The age of a child will influence the expected pitch and loudness ranges, voice quality, and resonance characteristics of the singing voice as these dynamics are mostly dictated by the size, shape, and nature of the vocal tract structure and the development of increasing neuromuscular control. Physical changes occur throughout the respiratory, laryngeal, and resonatory systems so there are differences across developmental stage in power, source, and filter aspects of vocal function. Specifically, with advancing age, there are increases in breathing capacity, changes in vocal fold structure, increases in neck length and width and relative descent of the larynx, and subsequent enlargement of the vocal tract and resonatory system. There is also growth of the paranasal sinuses and nasal turbinates with atrophy of the tonsils and the adenoids, thereby creating more resonance space. When singing through childhood, it is therefore important to a child’s optimal vocal health that the repertoire and vocal demands are commensurate with the developmental stage and capabilities of the child in terms of respiration, voice, and resonance [4, 2428].

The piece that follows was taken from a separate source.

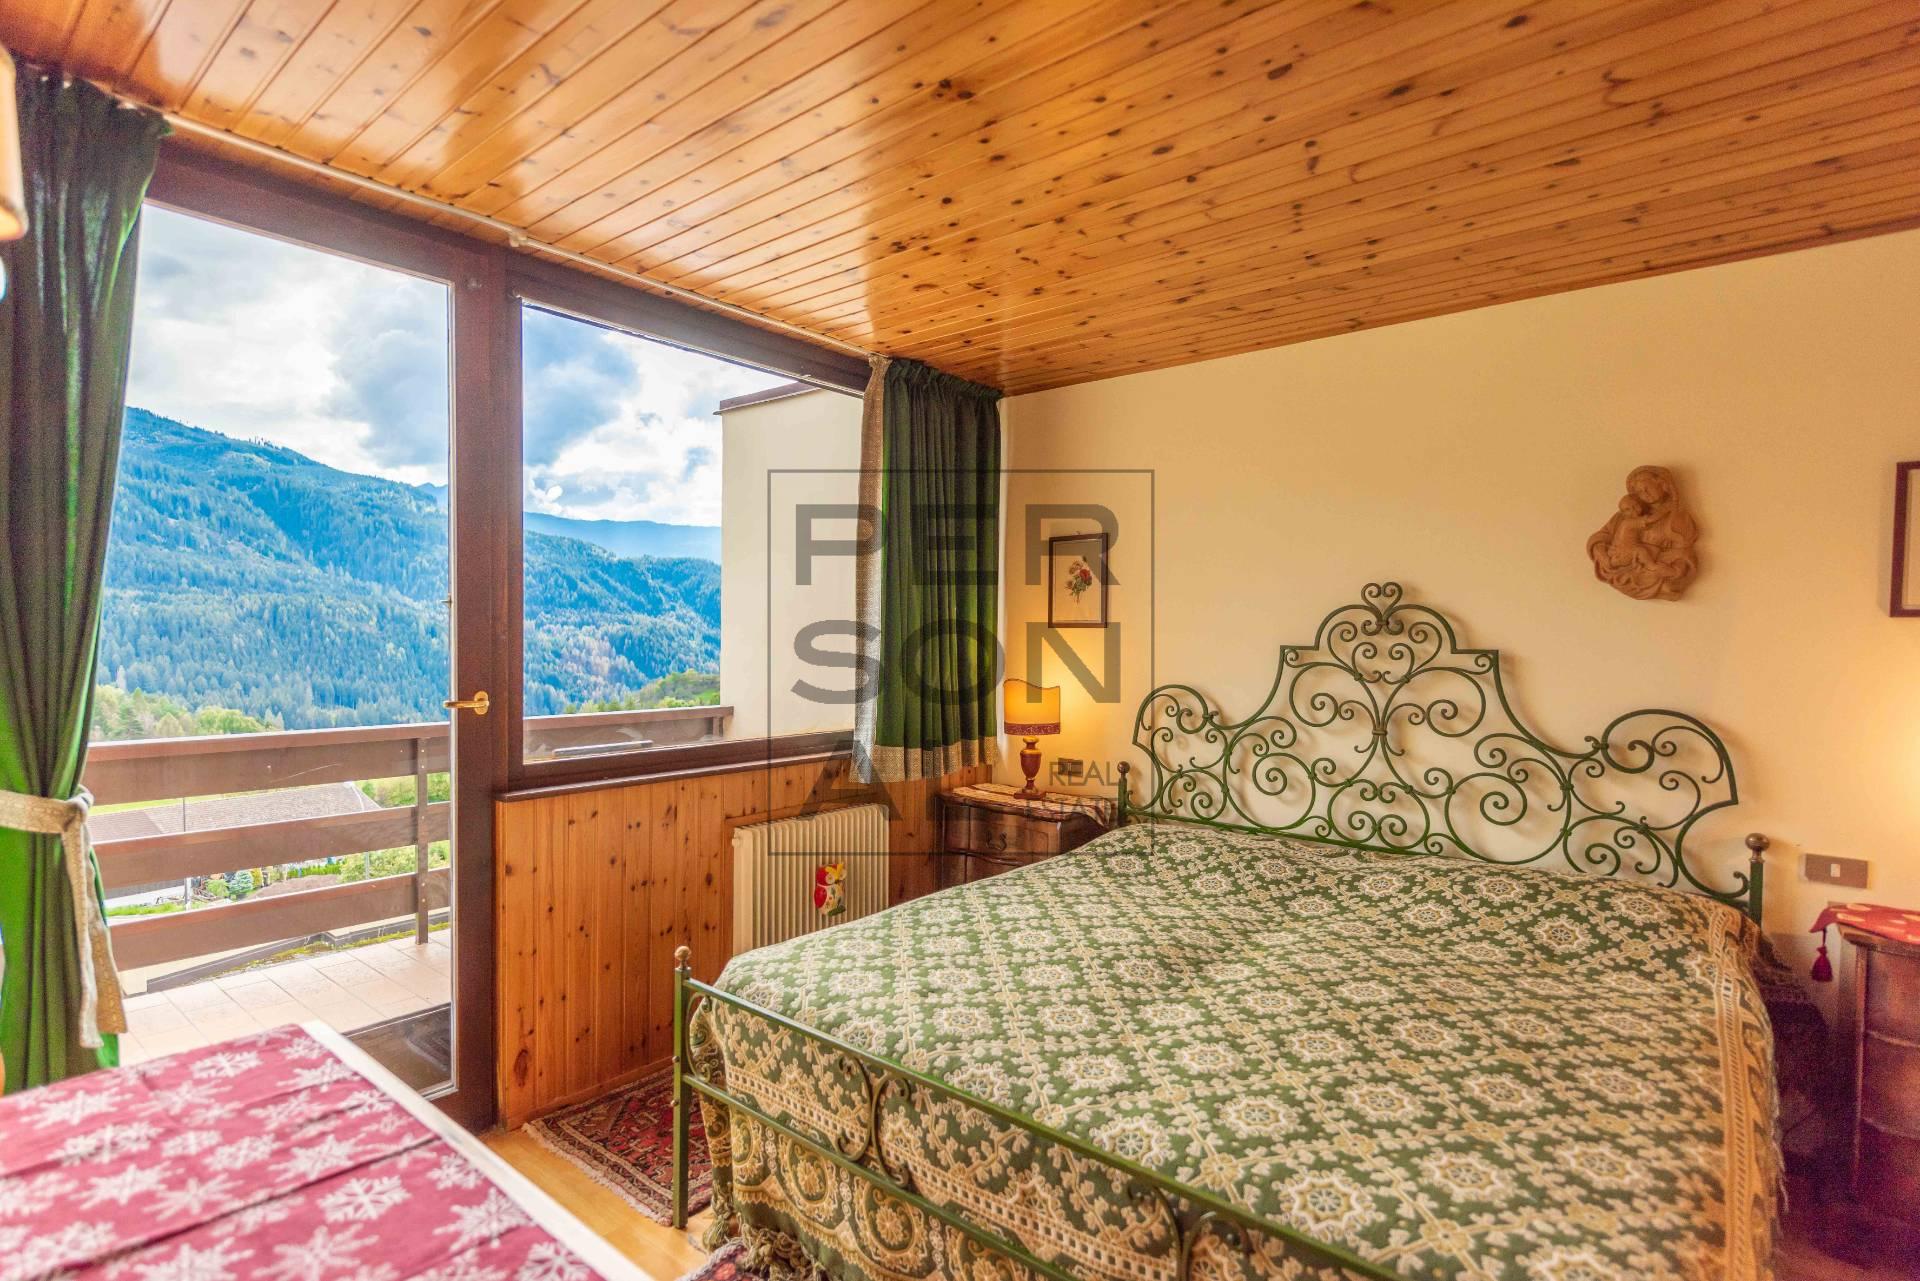 Appartamento in vendita a Cavalese, 3 locali, prezzo € 197.000 | CambioCasa.it

Prior to puberty, the singing voices of boys and girls are similar in terms of their pitch range and vocal qualities, in keeping with the vocal tract structures being relatively the same shape and size [24]. Differences between the genders across childhood in singing activity have been suggested, however, with boys being less likely than girls to participate in singing activities, especially at school [28]. This may no longer be the case perhaps due to social and cultural shifts, and indeed gender representation in the childhood entertainment industry would now seem relatively even.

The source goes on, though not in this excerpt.